Being a gay activist in India is like suddenly becoming invisible to the world around you and all its inhabitants. You are screaming to your friends and loved ones that they should listen to you, that you are here but they can’t see you or hear you. You turn to your enemies but they can’t see or hear you either. It is not just the state that does not recognize you, to whom you are an illegible subject, everyone around you, friend and enemy alike, erases you.

How many times in how many dharnas and meetings have you bitten your tongue and held your peace because somehow you convince yourself once again that this is not the right time, this is not the right place, women or Dalits or adivasis are more important and their issues are more important at the moment and sexuality’s time has not yet come? How many times have you reached home in a state of rage, blinded by your own tears because you are furious with yourself for having convinced yourself that way?

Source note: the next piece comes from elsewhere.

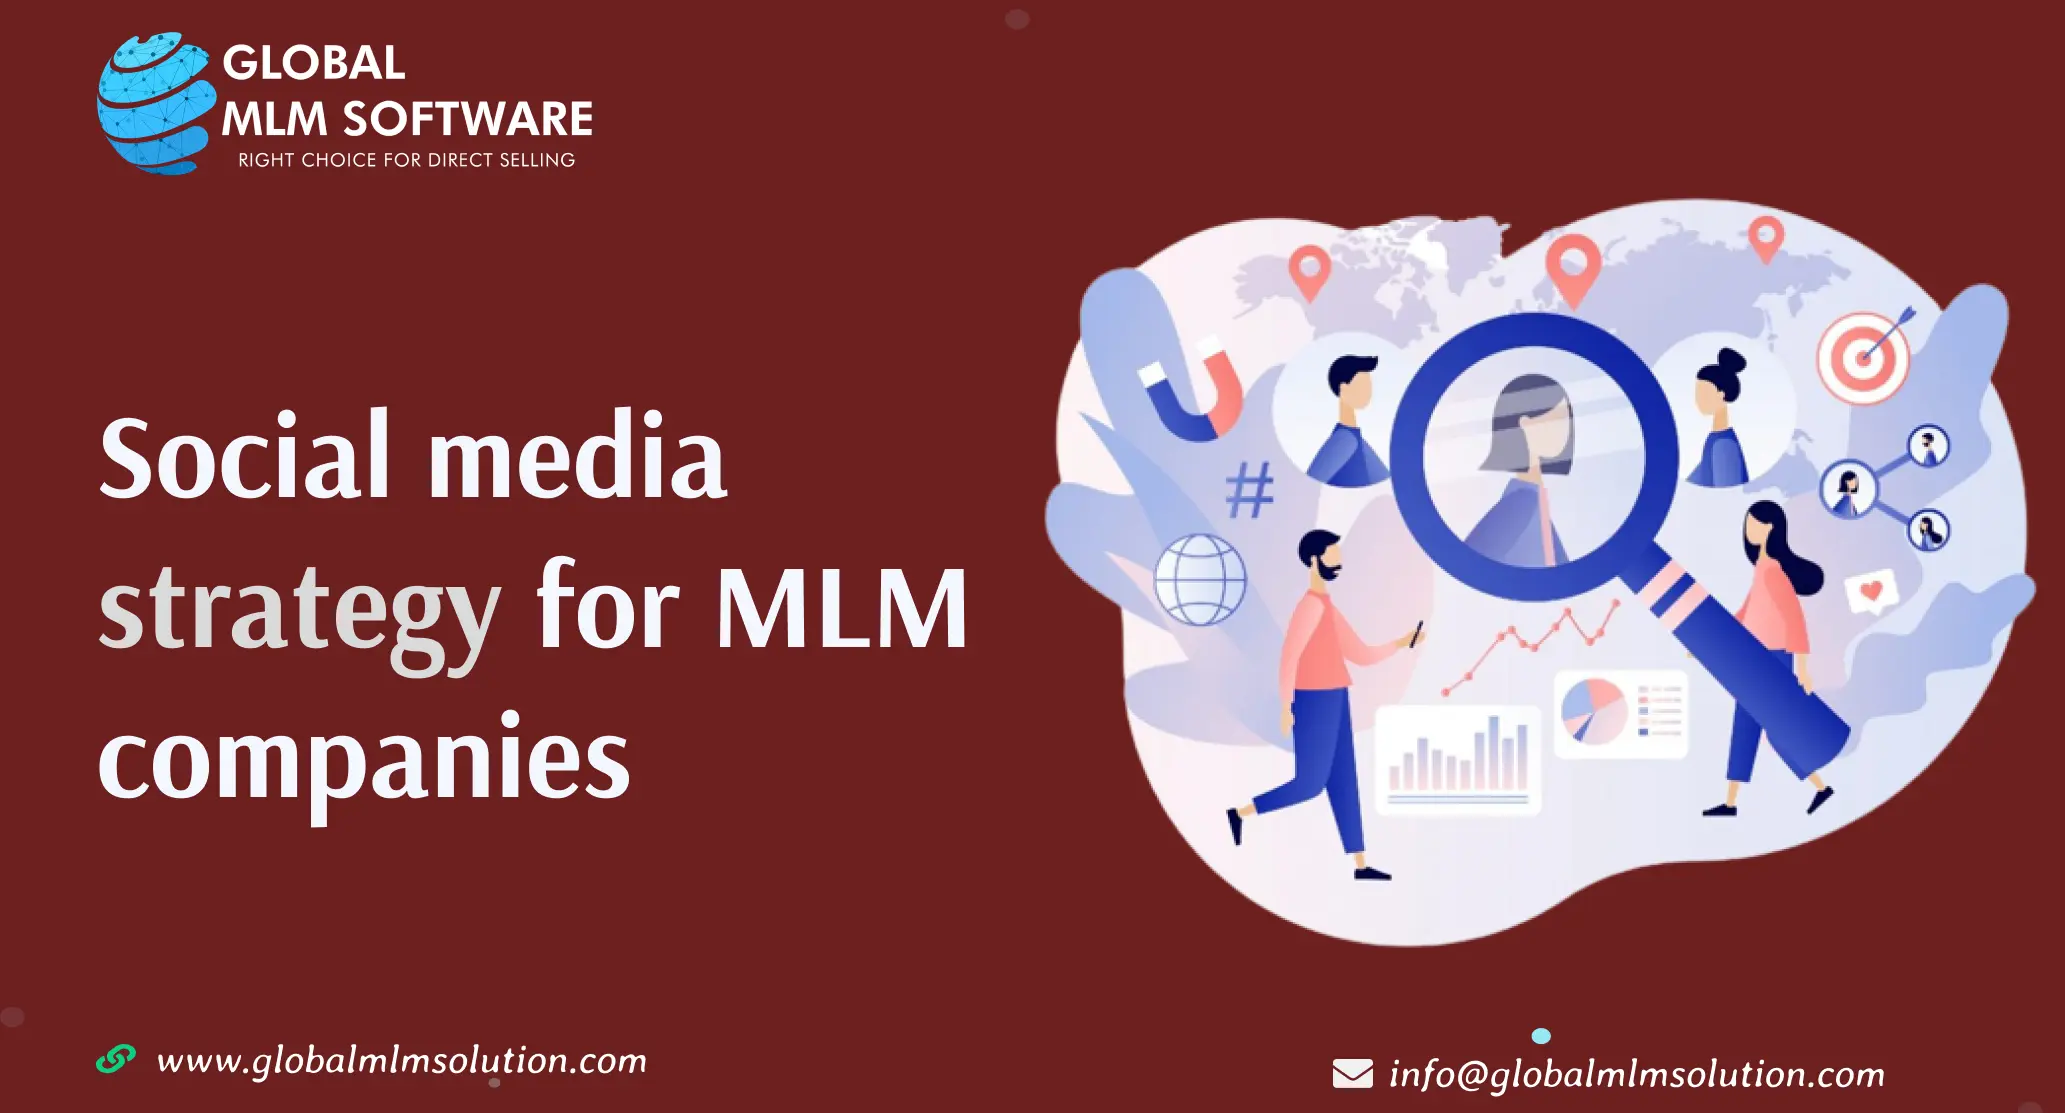 Social media strategy for MLM companies

How does it feel to be insulted, marginalized, abused by your own ‘community’ because you are not joining their feel-good, neoliberal party, because not only can’t you be queer, you think queer is the most rightwing, complicit, oppressive, and elitist subject position to inhabit? How does one suffer the alienation from one’s own constituency because it is taken over by marauding upper class, upper caste twits who have been seeing too much US TV and think queer? How long does your laughter last when you are called the Baba Ramdev of the same-sex movement? When does it turn into tears at the irony of the situation?

How does one endure the stares, the barely tolerant gaze of the Dalit, the Kashmiri, the Muslim, the Christian, the feminist, the adivasi, the displaced, the submerged, the marginalized, the disenfranchised who find it in themselves through all their own suffering to hate you for your sexual orientation? What do you make of the Dalit magazine which refuses to publish your article where you speak of being Dalit as well as gay? How do you look your Left comrades in the eye when they have refused to stand by you as College Principals have denied you a job and smeared your name with the worst charges and then they refuse to come testify on your behalf? How do you continue to work with feminists who accuse you of being in love with and having an affair with the men they love even when you are not in love with those men? How do you deal with revolutionary straight men who presume you want to sleep with them and who do not think your politics is worth any more than your desire to suck their dicks? How might you continue to smile at the adivasi activist who asks you why you are not married and how will you die alone? How do you continue to speak to the Christian missionary fighting for Dalit rights with all the compassion of Christ but who spews homophobic bile after the High Court judgment reads down Section 377? What do you say to the beautiful Kashmiri man who wants azaadi but not for Kashmiri women from Kashmiri patriarchy and certainly not for you who he openly says does not exist even as you, weak with desire for him, are staring into his eyes? What do you say to the CPM lesbian but closeted academic who tells you officially that lesbians can’t march in the March 8, International Women’s Day, march because LGBT issues are ‘Western’ and disconnected and will derail the real issues at hand which include industrial labour and slum demolition.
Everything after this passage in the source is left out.